Tuesday’s 31-28 Music City Bowl win over LSU was a matter of precise execution that had a foundation in trust. It was a great way to stop the bleeding caused by four straight losses.
It was the product of a plan with a purpose. It was a sign that the Irish can compete with a Southeastern Conference team — albeit, a middle-of-the-road SEC team — in every phase of the game.
“(The victory) allows us to continue to recruit in (the South) without having to apologize for who we are,” said Notre Dame coach Brian Kelly.
Kelly took the impact of the effort beyond the field, with a lesson for his players about life.
“We talked about this being a life lesson toward handling adversity,” Kelly said. “We had some adversity. Everybody was down on Notre Dame. We can’t do this; we can’t do that. That’s going to happen in life.
“Believe in yourself. Believe in what you’re doing. Trust what you’re doing. If you do that, you’re going to be OK. We trust in our players and they continue to work hard for us. It was going to work out for them.”
Kelly made a promise to his players: “We’re going to get you to the fourth quarter; trust the plan. I’m going to get you to the fourth quarter, then you’ve gotta go make some plays.”
The Irish made plays. Lots of them.
Notre Dame withstood a Leonard Fournette’s 100-yard kickoff return for a touchdown; an 89-yard touchdown run by Fournette; and a 75-yard TD pass from Anthony Jennings to John Diarse and stayed on course.
Those three scores came in an elapsed time of 38 seconds.

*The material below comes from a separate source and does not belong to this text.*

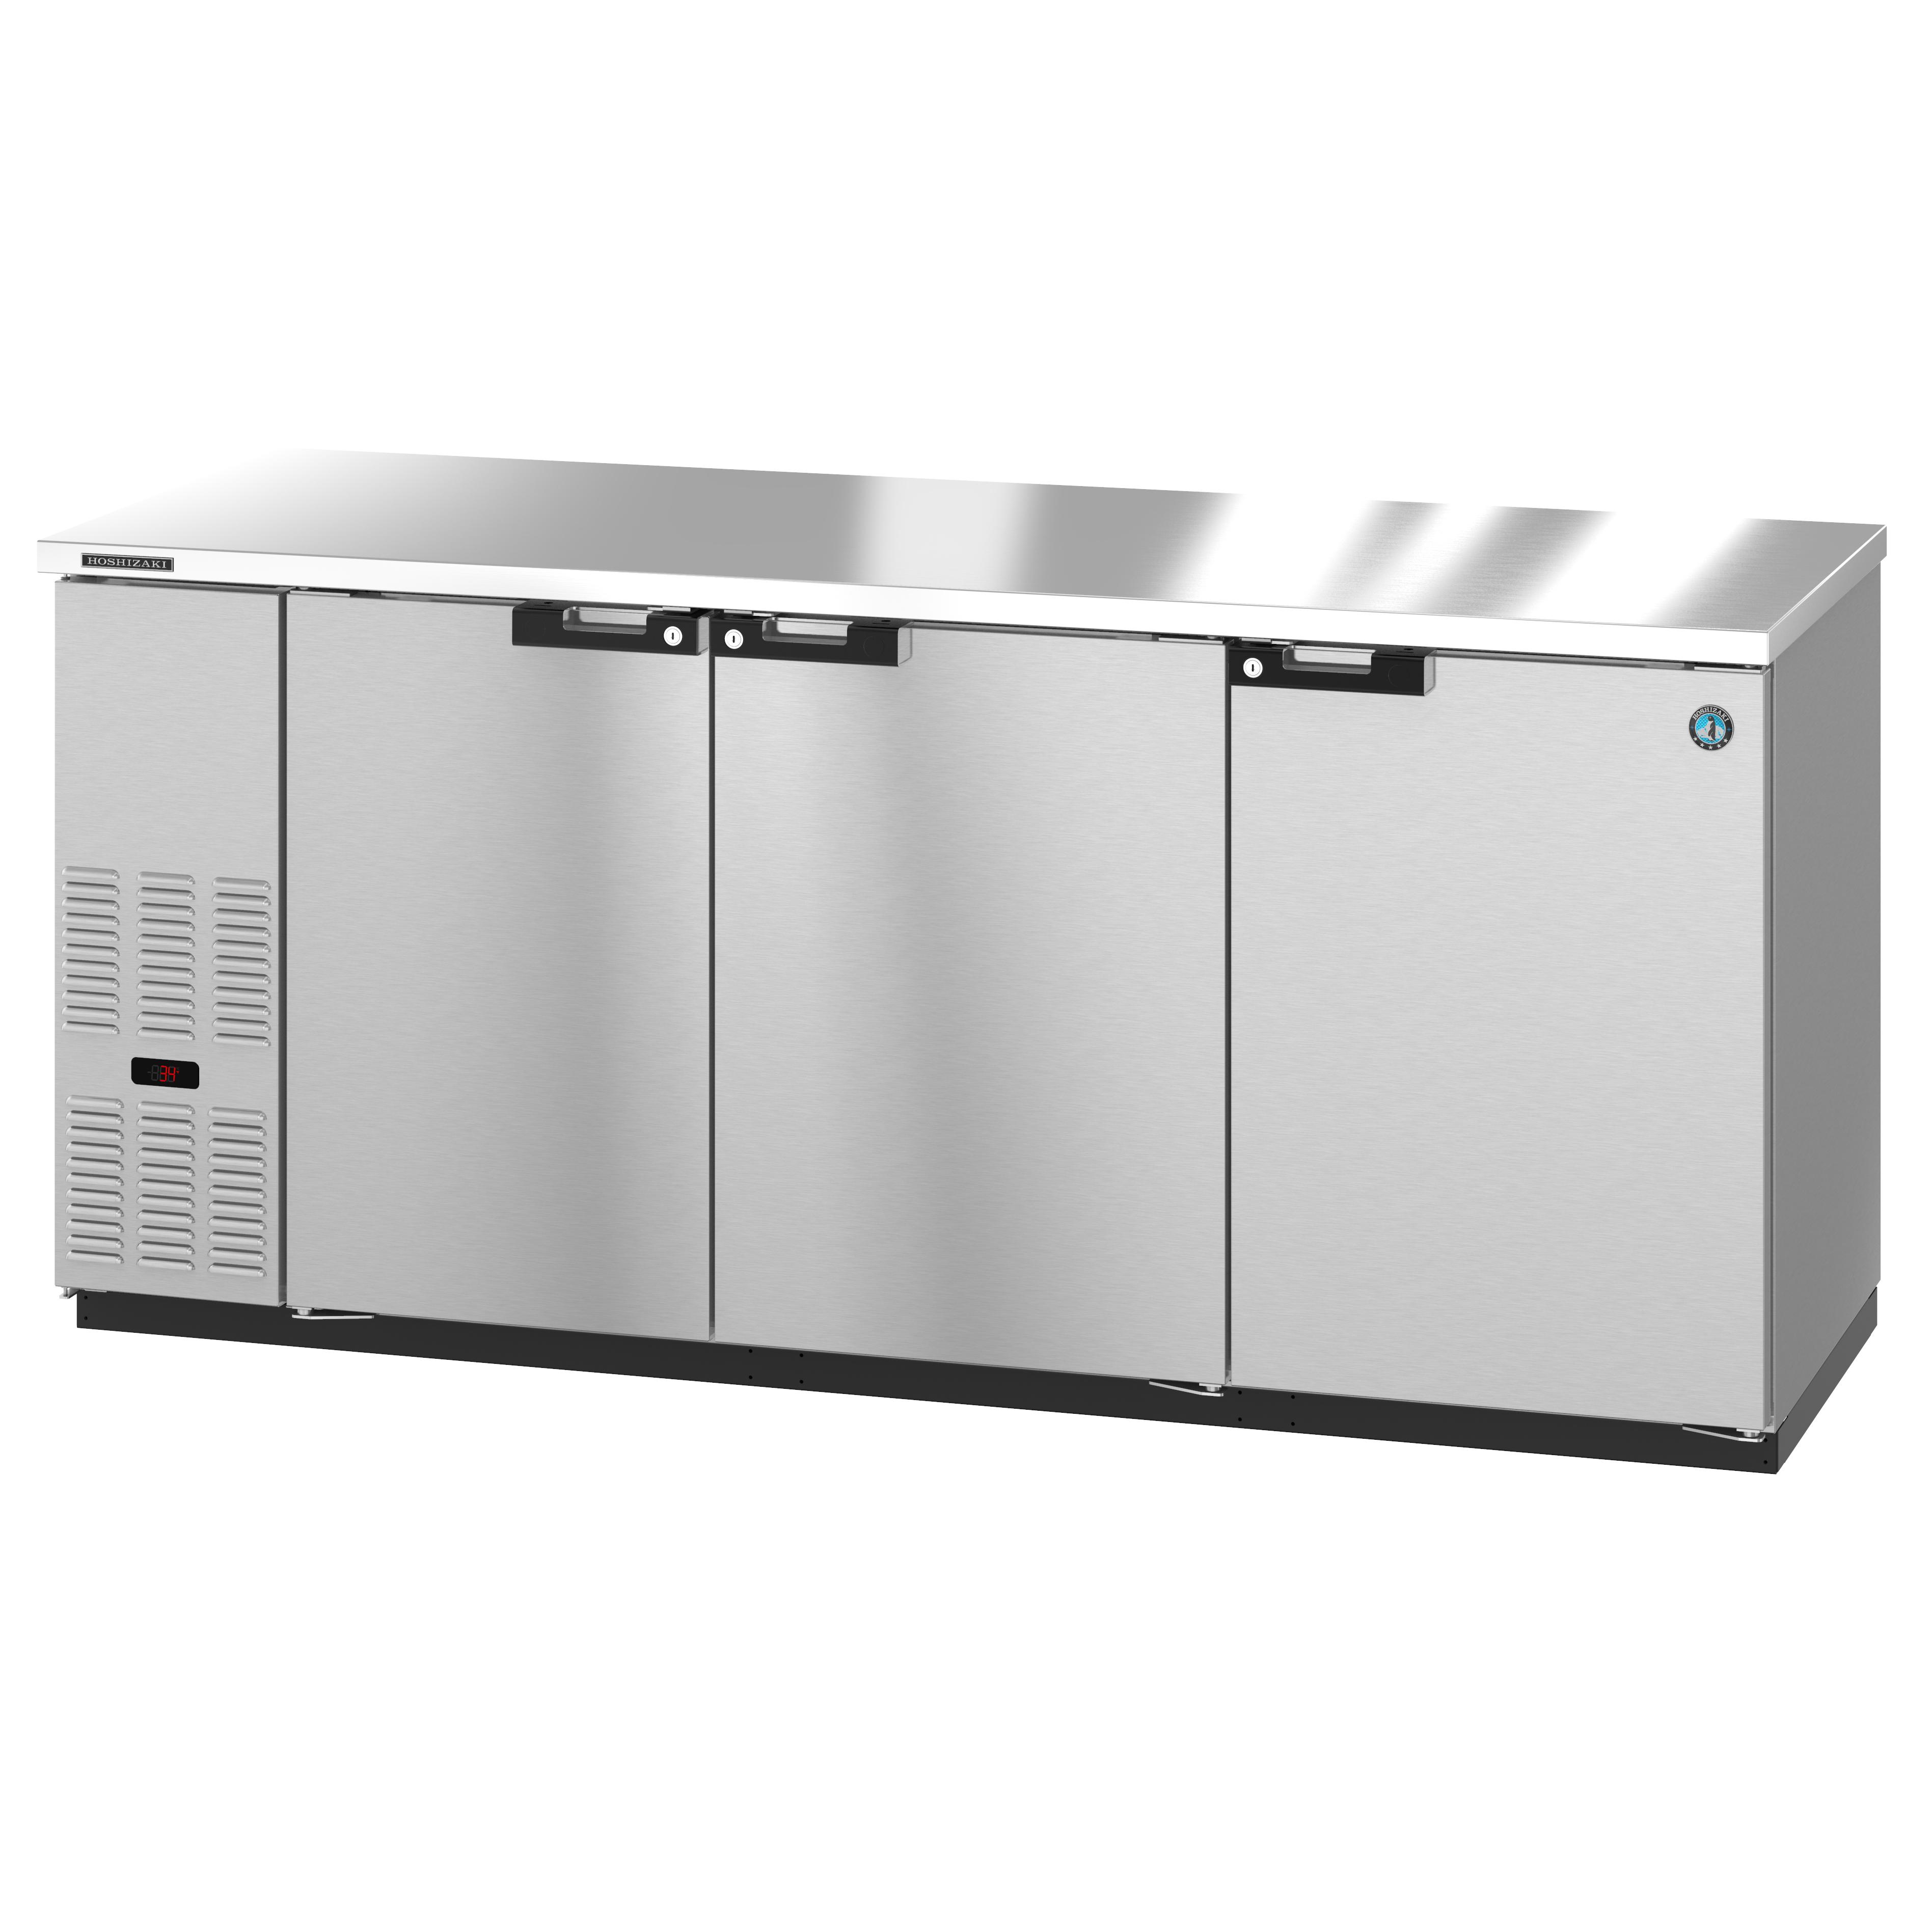 Hoshizaki BB80-S bar refrigerator, 3 swinging solid doors

The Irish never flinched or flustered. The plan stayed the same without reservation.
The quarterback tag team of Malik Zaire and Everett Golson was seamless, despite Golson taking a punishing blow to his ribs mid-game.
That pain appeared to hurt more than the blow to his ego after losing his starting job.
The numbers were exactly how Kelly drew them up pre-game:
• Notre Dame controlled the clock for 37 minutes. LSU’s big-time run game hardly had a chance to punish the Irish defense.
• The Irish offense was 12 of 19 on third and fourth down.
• Notre Dame avoided turning the ball over for the fourth time this season, but the first time since Purdue.
• The Irish offense, which had had five double digit-play drives in the last four losses, put together four against the Tigers.
• The LSU offense, significantly run-centric, had 113 of its 285 rushing yards come on two plays. The other 172 yards were distributed over 36 rushes.
But, most of all, the Irish finished — unlike Florida State, Northwestern and Louisville, when they had an opportunity to win at crunch time, but folded.
Tuesday, the offense responded with a 14-play, 71-yard drive that chewed up the last 5:41 before Kyle Brindza drilled the game-winning field goal from 32 yards. Golson and Zaire both played key roles in that march.
“This year, we got to the fourth quarter and we didn’t make some plays,” Kelly said. “We lost some football games. We got the game in hand in the fourth quarter today, and we handled it.
“We’re going to make that a habit. We didn’t do that this year.”
Habits are hard to form. Finding a way for Zaire and Golson to co-exist within the parameters of the Irish offense isn’t going to be easy. Kelly had a month to prepare for the quarterback shuffle. How he handles it on a week-to-week basis next season will be interesting.
But that’s next year. All week, Kelly has been adamant that the bowl game was an entity unto itself. Worry about 2015 in January.
Kelly’s plan and the Irish effort got the job done Tuesday. How that carries over into the season opener against Texas Sept. 5 is quite uncertain.
But at least it’s something to feel good about.